All three groups will undergo a 10-day period of double-blinded CGM to assess their
baseline glucose profiles. Additionally, participants will have three consultations with
an endocrinologist or a diabetes nurse at months 0, 3, and 6 for adjustments in their
glucose-lowering treatment. At the final visit (month 9), Groups 1 and 2 will undergo a
10-day period of double-blinded CGM, while Group 3 will have an open CGM session.
The objective for the intervention groups (Group 2 and 3) is to adjust their
glucose-lowering treatment to ensure patients spend less than 1% of their time with
glucose levels below 3.9 mmol/L and more than 60% of the time within the target range
(3.9 to 10.0 mmol/L). Meanwhile, for the control group, CGM data will be double-blinded,
and adjustment of glucose lowering medicine will be based on usual monitoring of HbA1c
and finger-prick glucose.
STATISTICAL ANALYSIS
Statistical analysis is performed as intention-to-treat and will be conducted by the
investigators in close collaboration with an experienced statistician. All data will be
described including data-incompleteness as well as reasons for data-incompleteness. A
linear mixed model with a participant-specific random intercept is used to analyse the
effect of changes in mean sensor glucose, time in range and HbA1c. This analysis will
compare changes across the three study groups from baseline to end of the study.
ETHICAL CONSIDERATIONS
CGM is a well-tested technology that has significantly improved glucose management in the
general diabetes population. It is expected to be safe and well tolerated, in dialysis
patients as well. The many examinations are time consuming for the study participants.

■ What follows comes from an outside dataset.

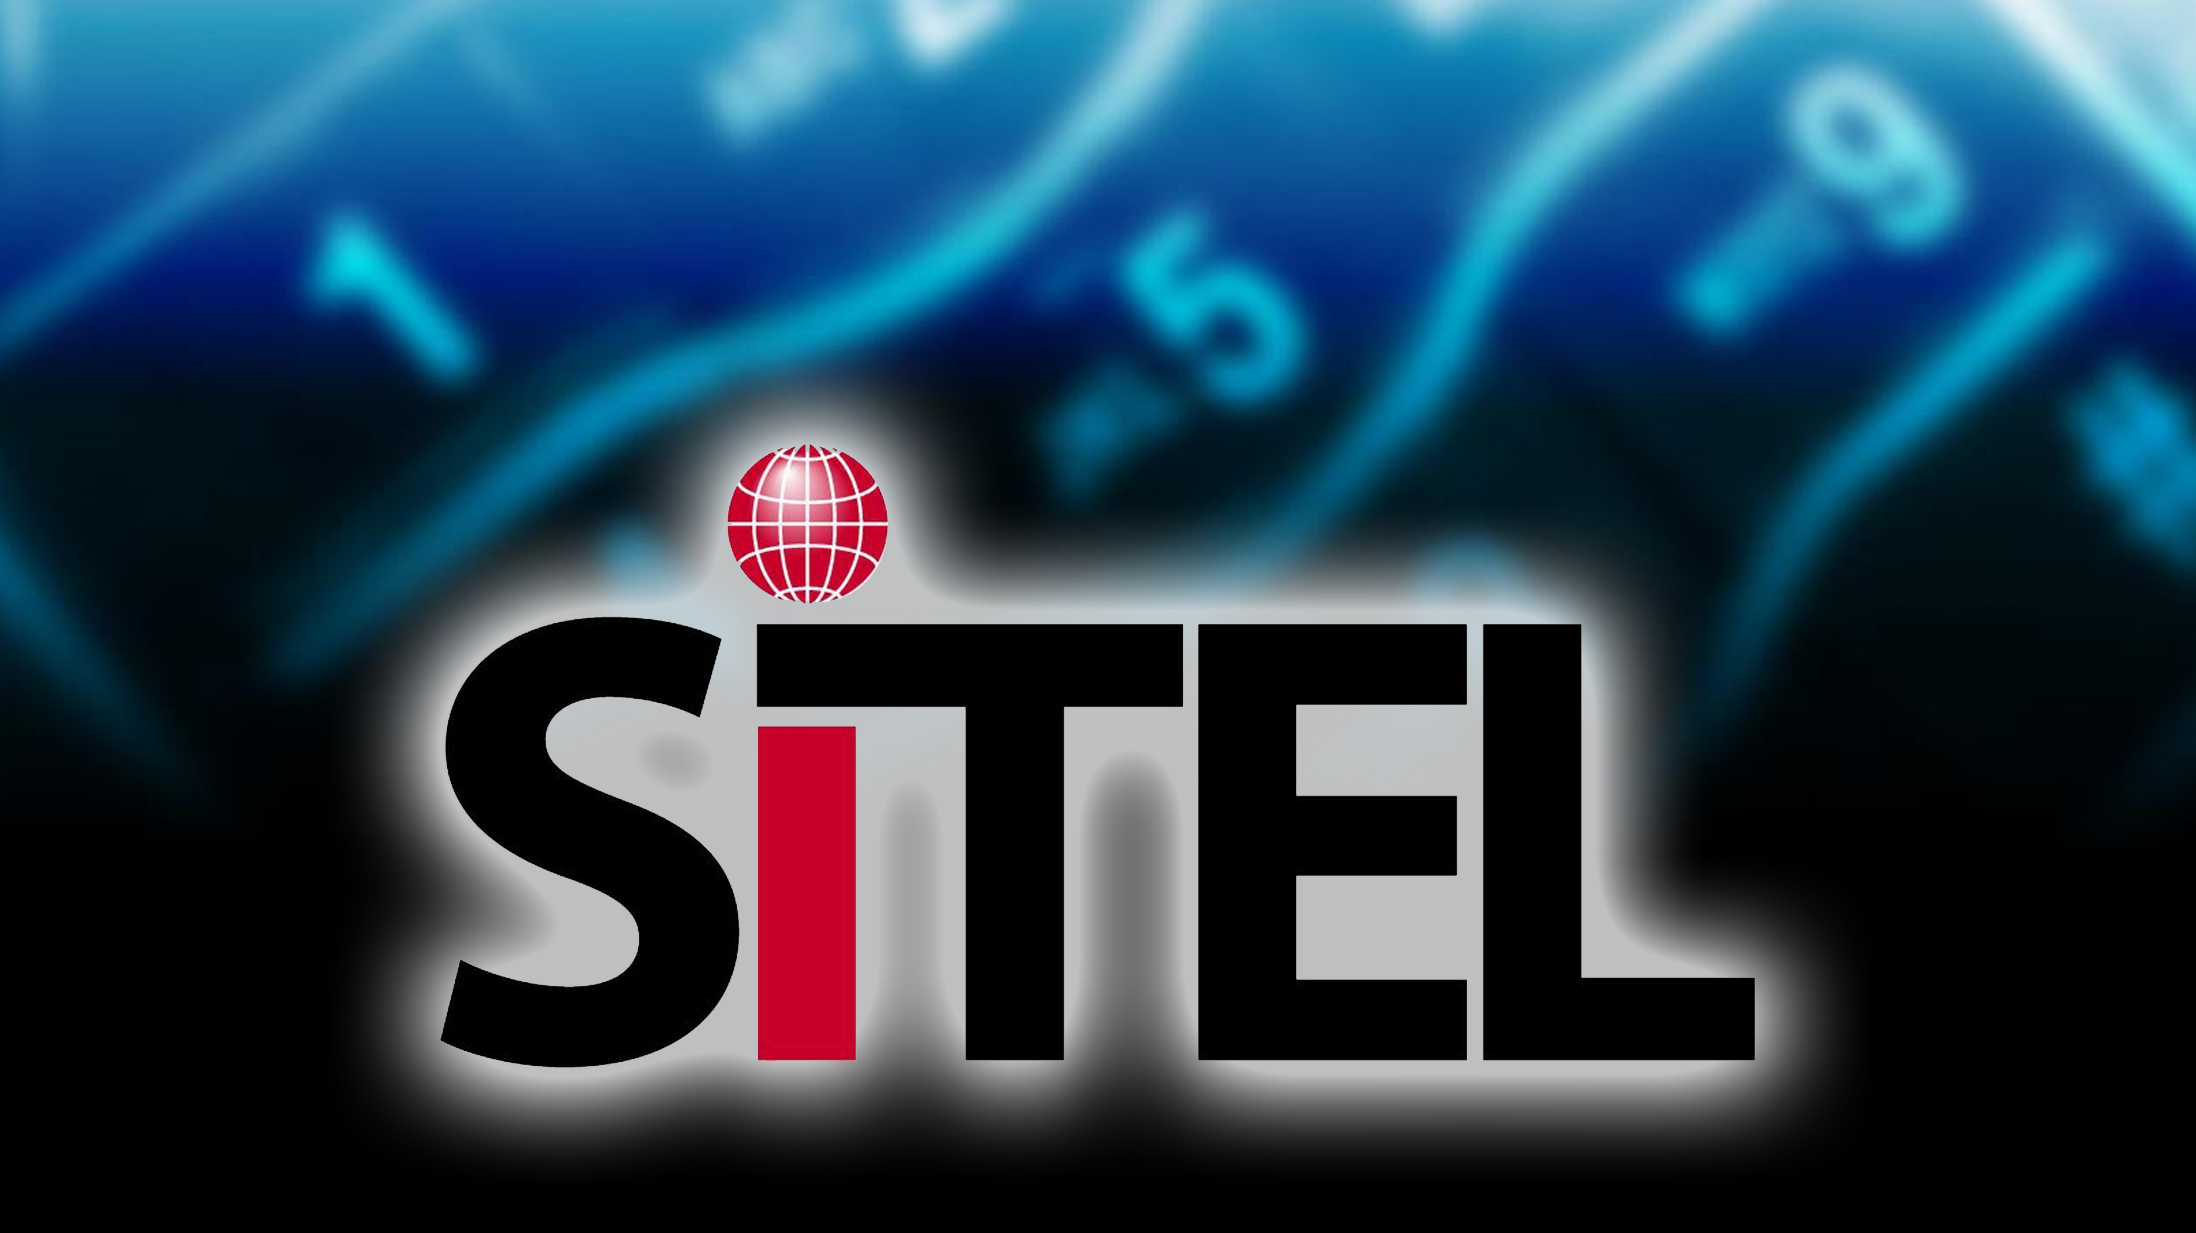 Sitel for web_1443023058146.jpg

The project, however, will likely yield important knowledge on how to optimize diabetes
management in dialysis patients, which expectedly will benefit both the study
participants and in general all dialysis patients with diabetes.
The study will be registered at ClinicalTrials.gov prior to initiation. The trial
protocol adheres to the principles of the Helsinki Declaration II, and the study will be
conducted in compliance with Good Clinical Practice, the Act on the Processing of
Personal Data, and the General Data Protection Regulation. Approval from the regional
Research Ethical Committees are underway. Participants are covered by The Patient
Compensation Association.
PERSPECTIVES
We expect that blood glucose regulation tailored to CGM, instead of HbA1c/finger prick
will improve blood glucose levels and reduce the incidence of hypoglycemia among dialysis
patients. We expect the project to contribute to rethinking diabetes treatment among
these patients, leading to increased survival, reduced diabetes complications and
hospitalizations, and improved quality of life.